- [Provided data]
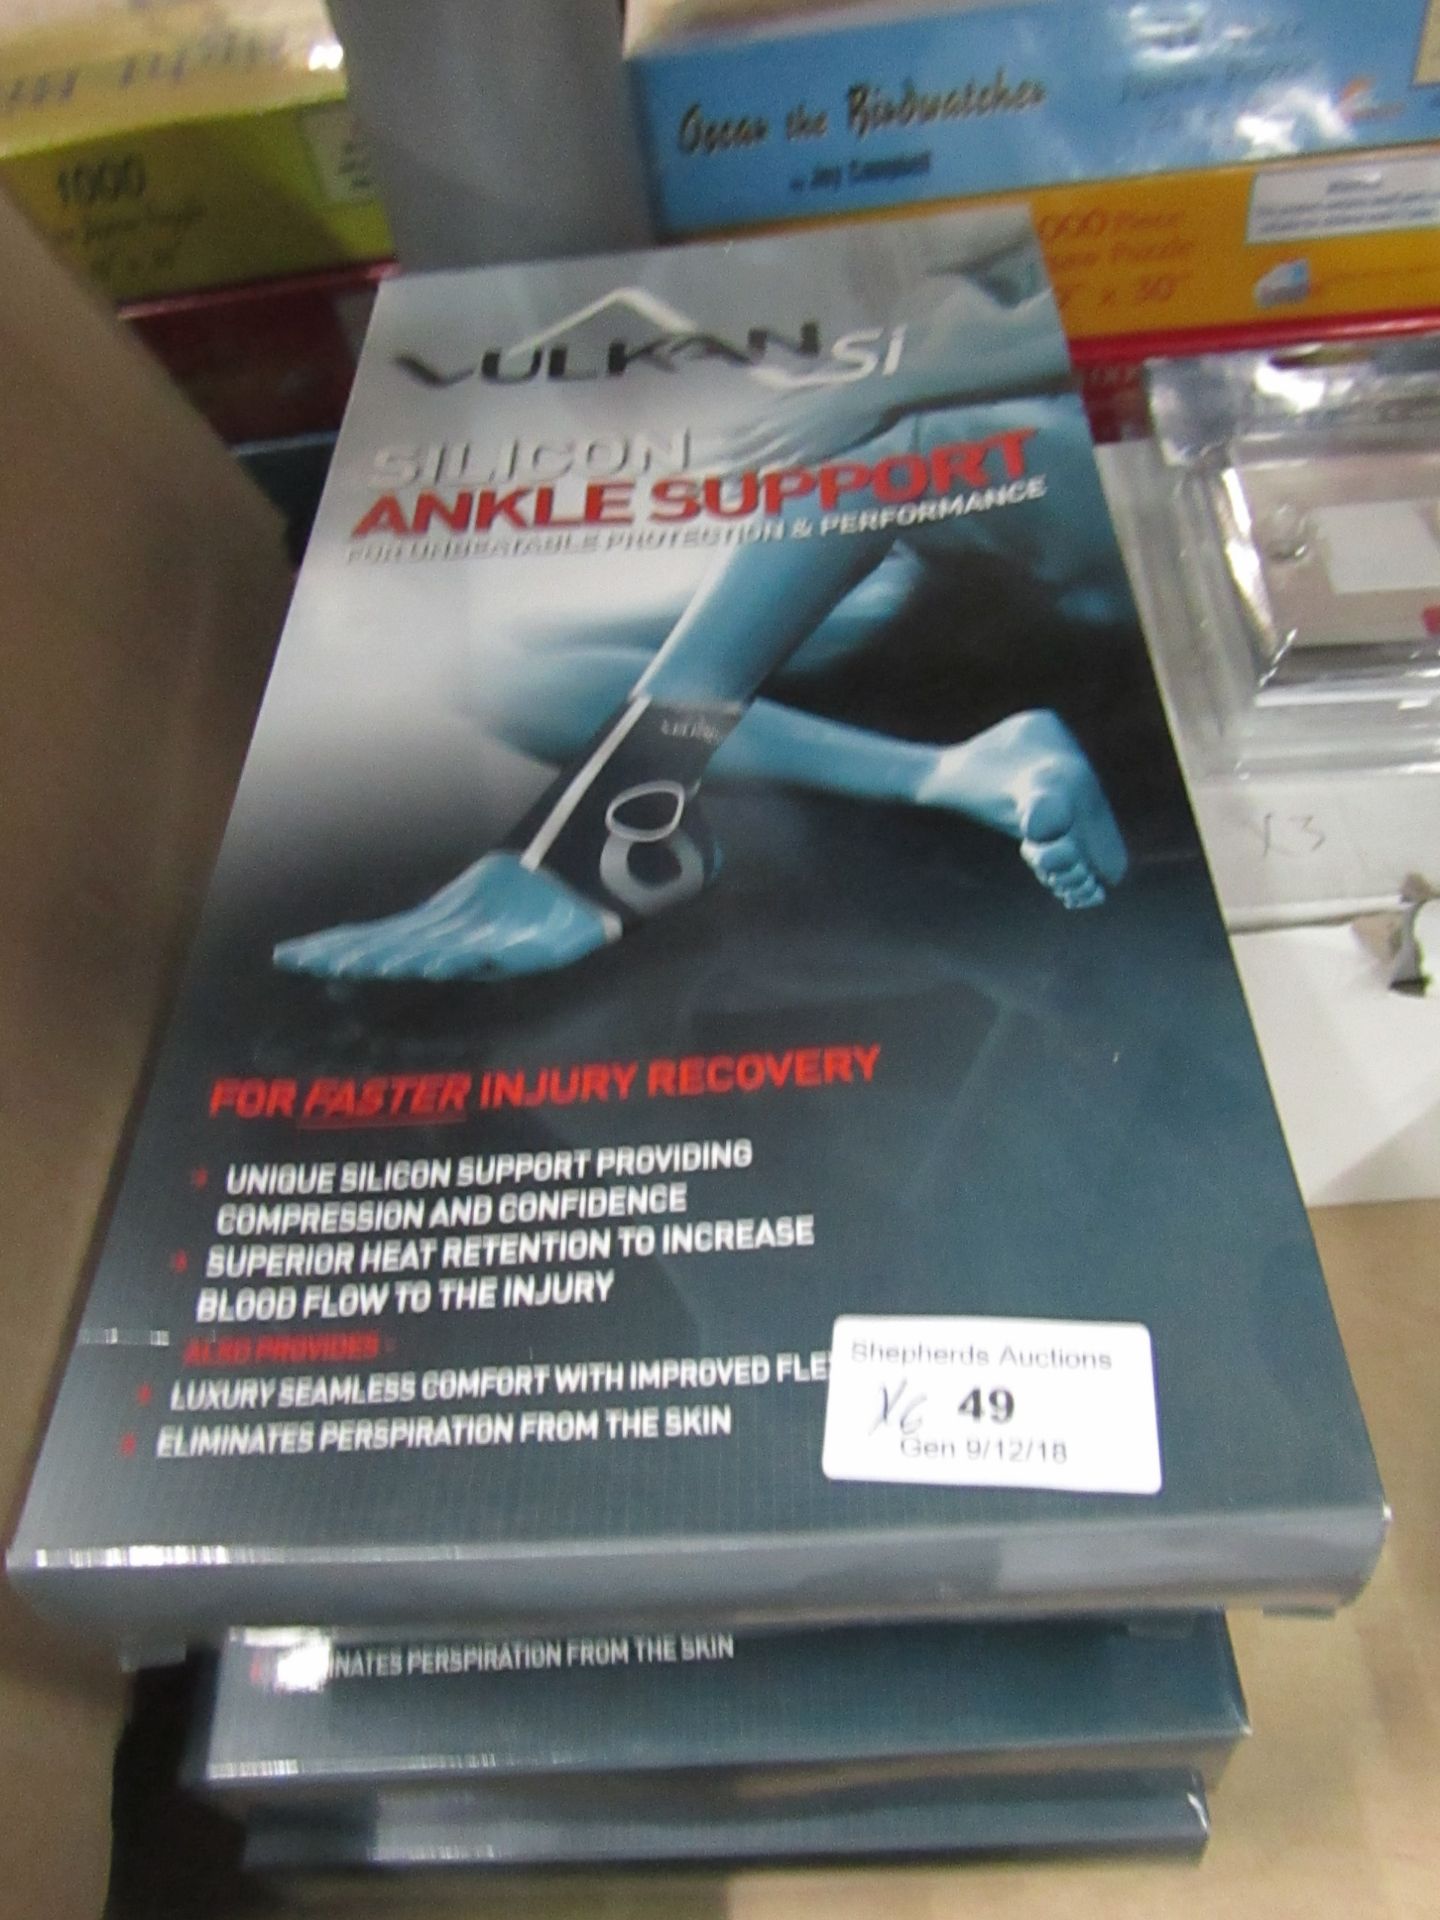 6x Vulkan Si silicon ankle supports (large), new
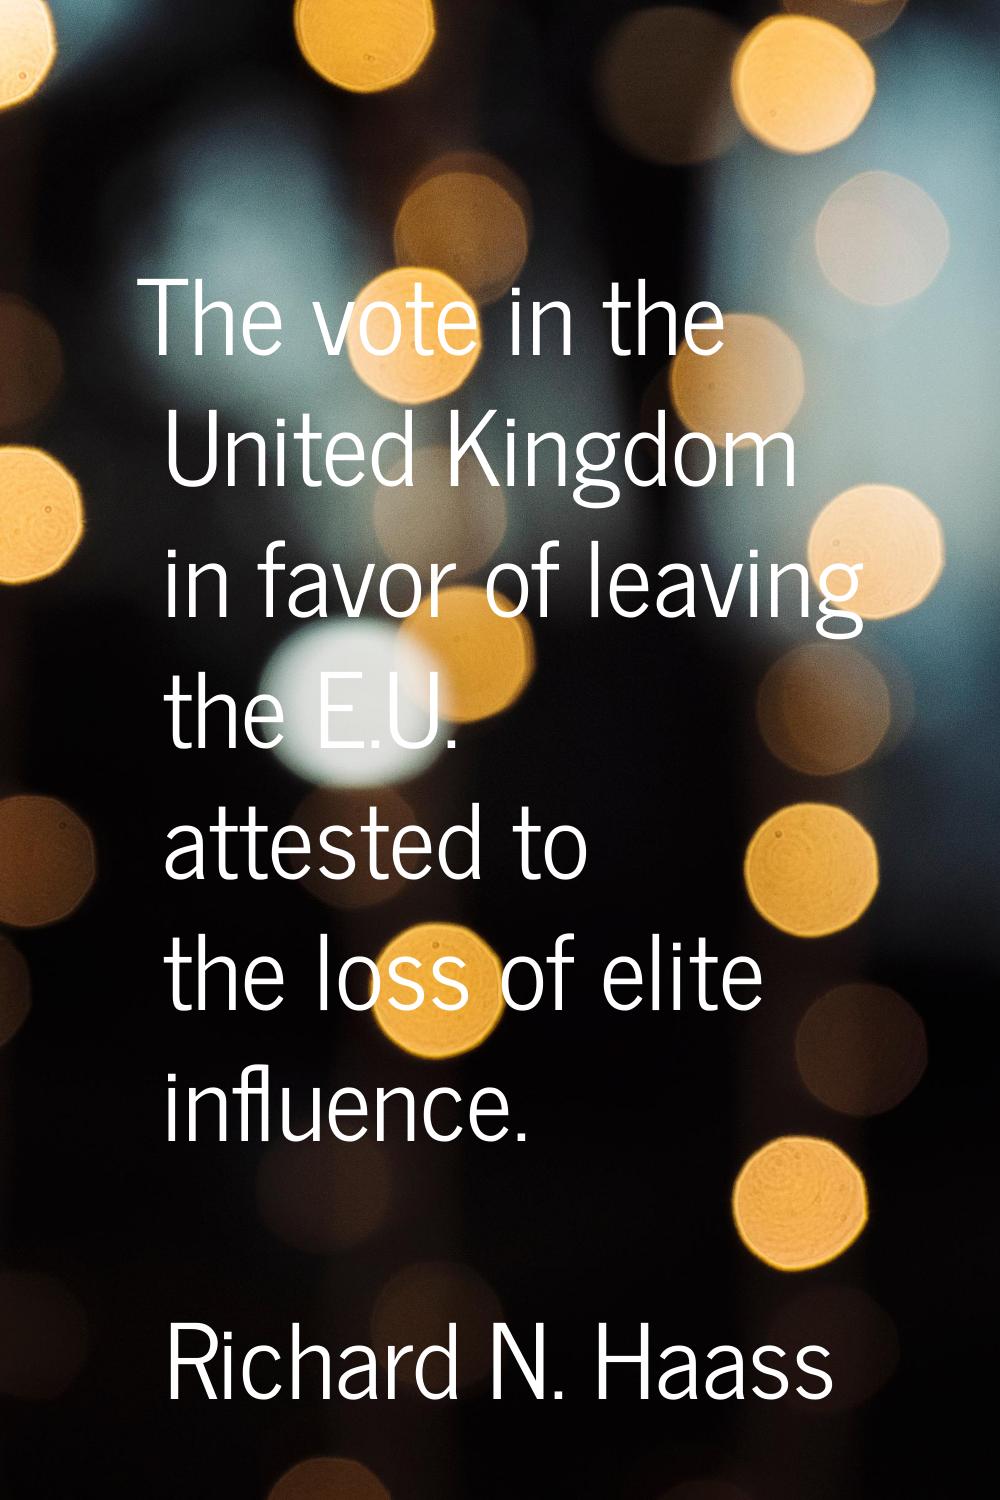 The vote in the United Kingdom in favor of leaving the E.U. attested to the loss of elite influence
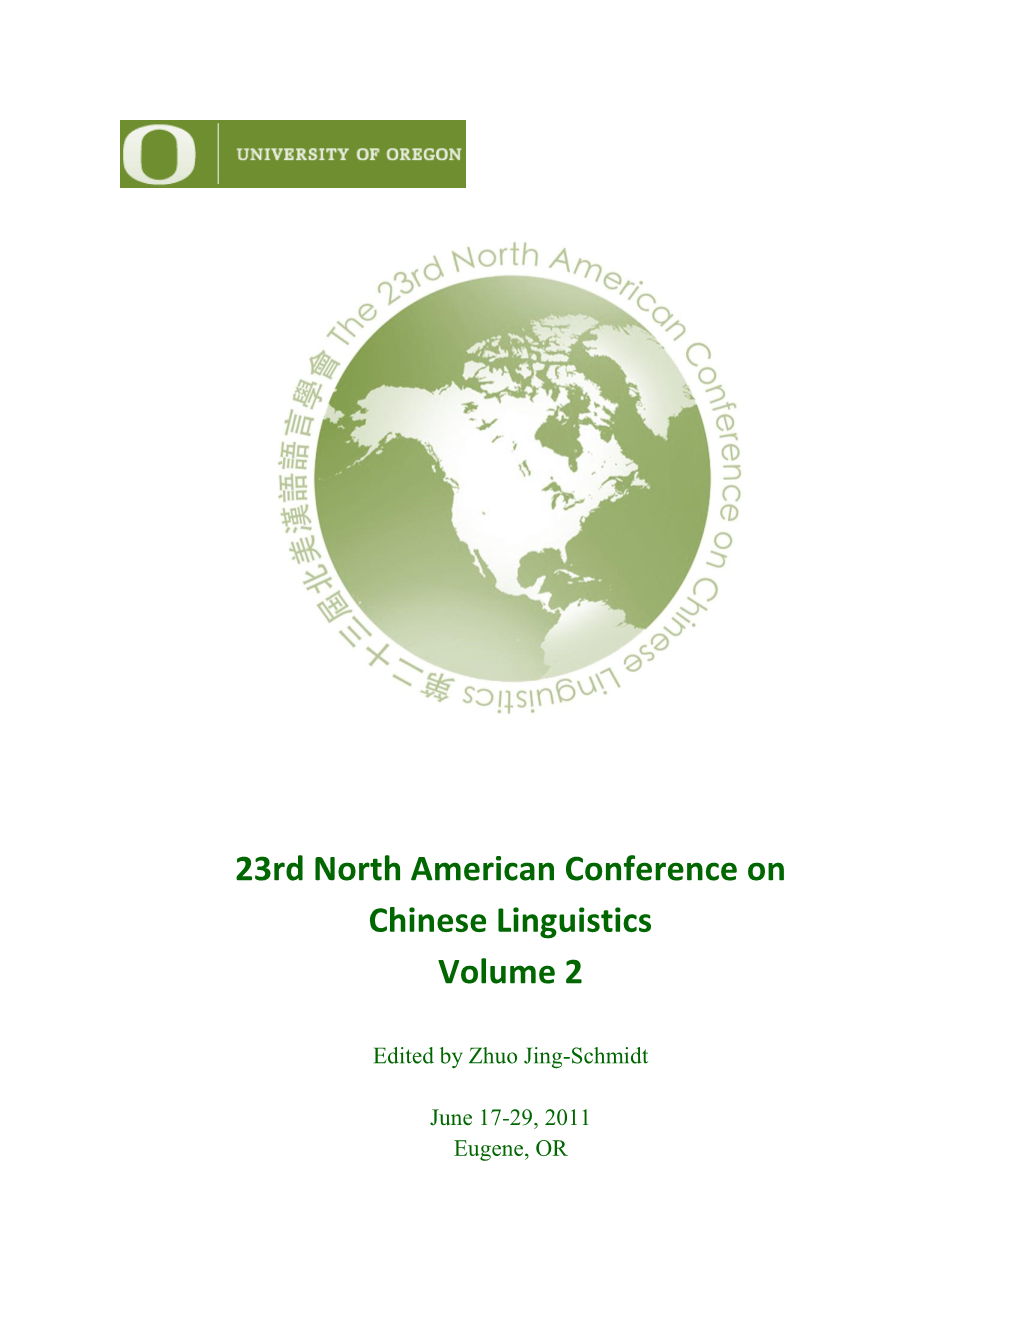 23Rd North American Conference on Chinese Linguistics Volume 2
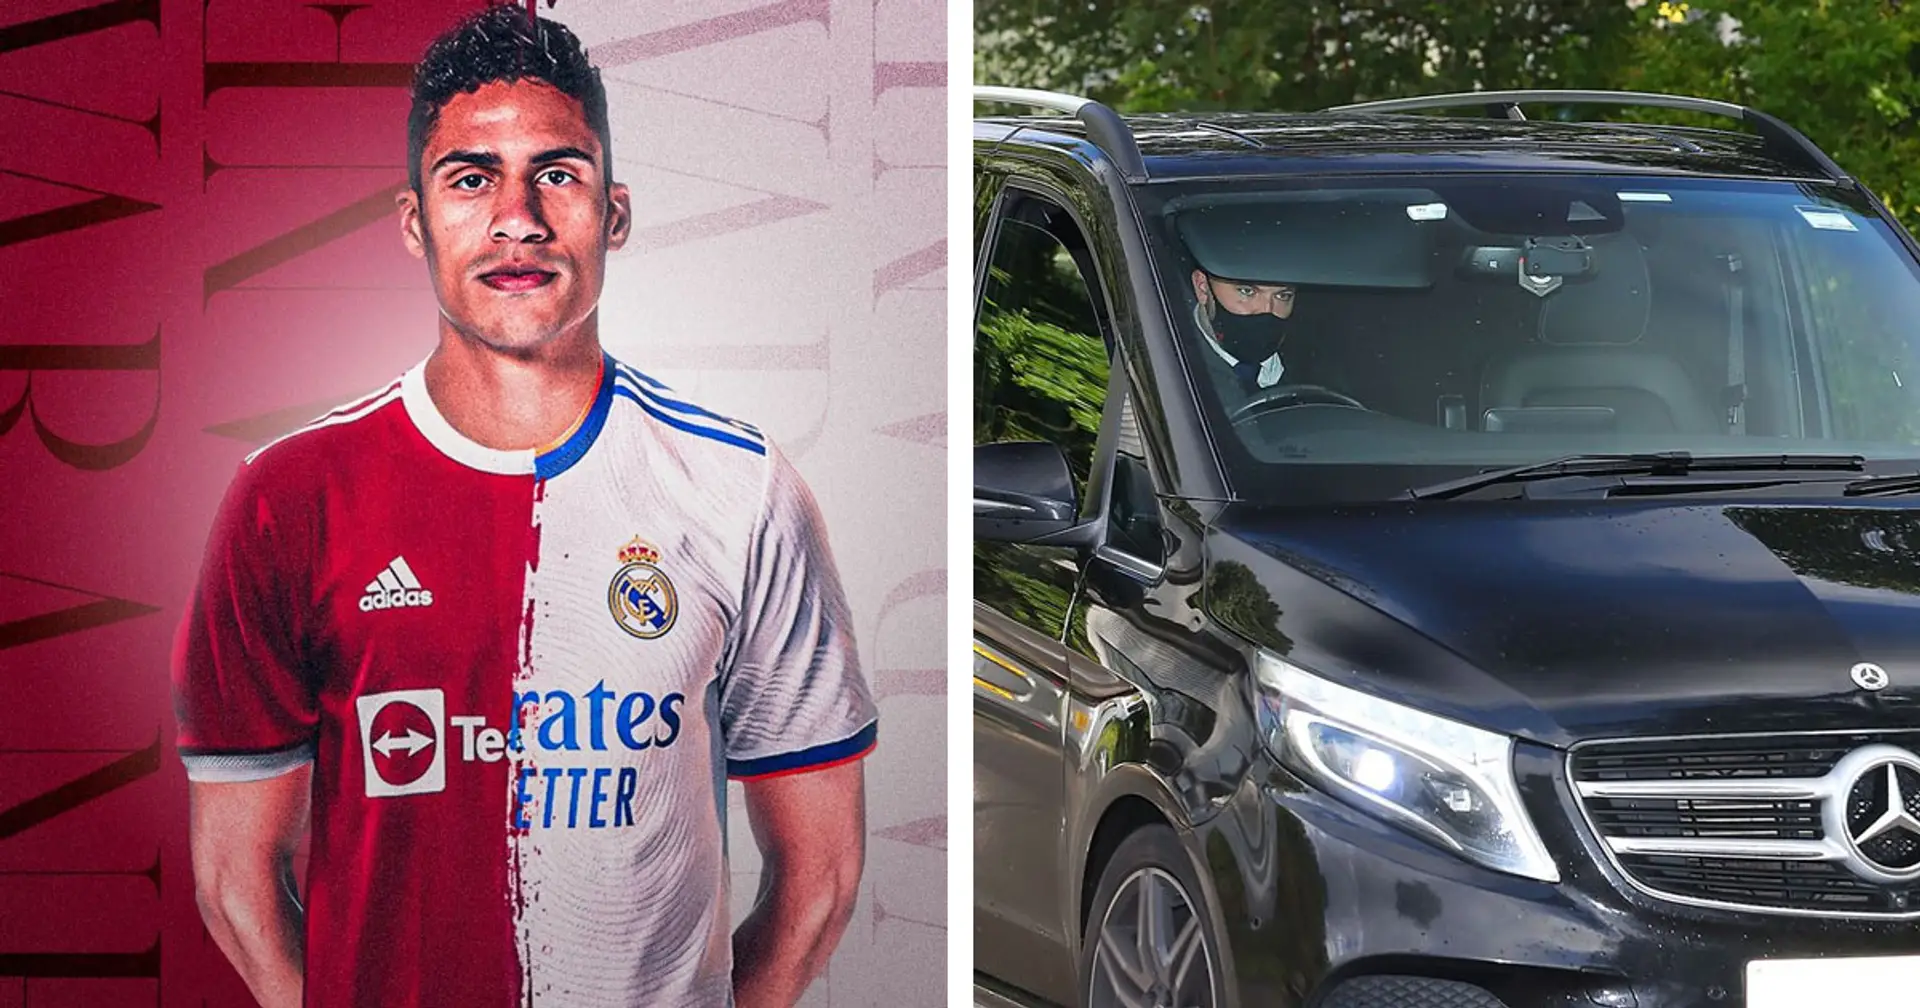 Varane completes first part of medicals, set to seal United deal 'in 24-48 hours'

- [What is expected]
Write the material out again exactly as it appears, dropping the pictures.

- [Answer section]
 6x Vulkan Si silicon ankle supports (large), new
 The vote in the United Kingdom in favor of leaving the E.U. attested to the loss of elite influence
 23Rd North American Conference on Chinese Linguistics Volume 2
 Varane completes first part of medicals, set to seal United deal 'in 24-48 hours'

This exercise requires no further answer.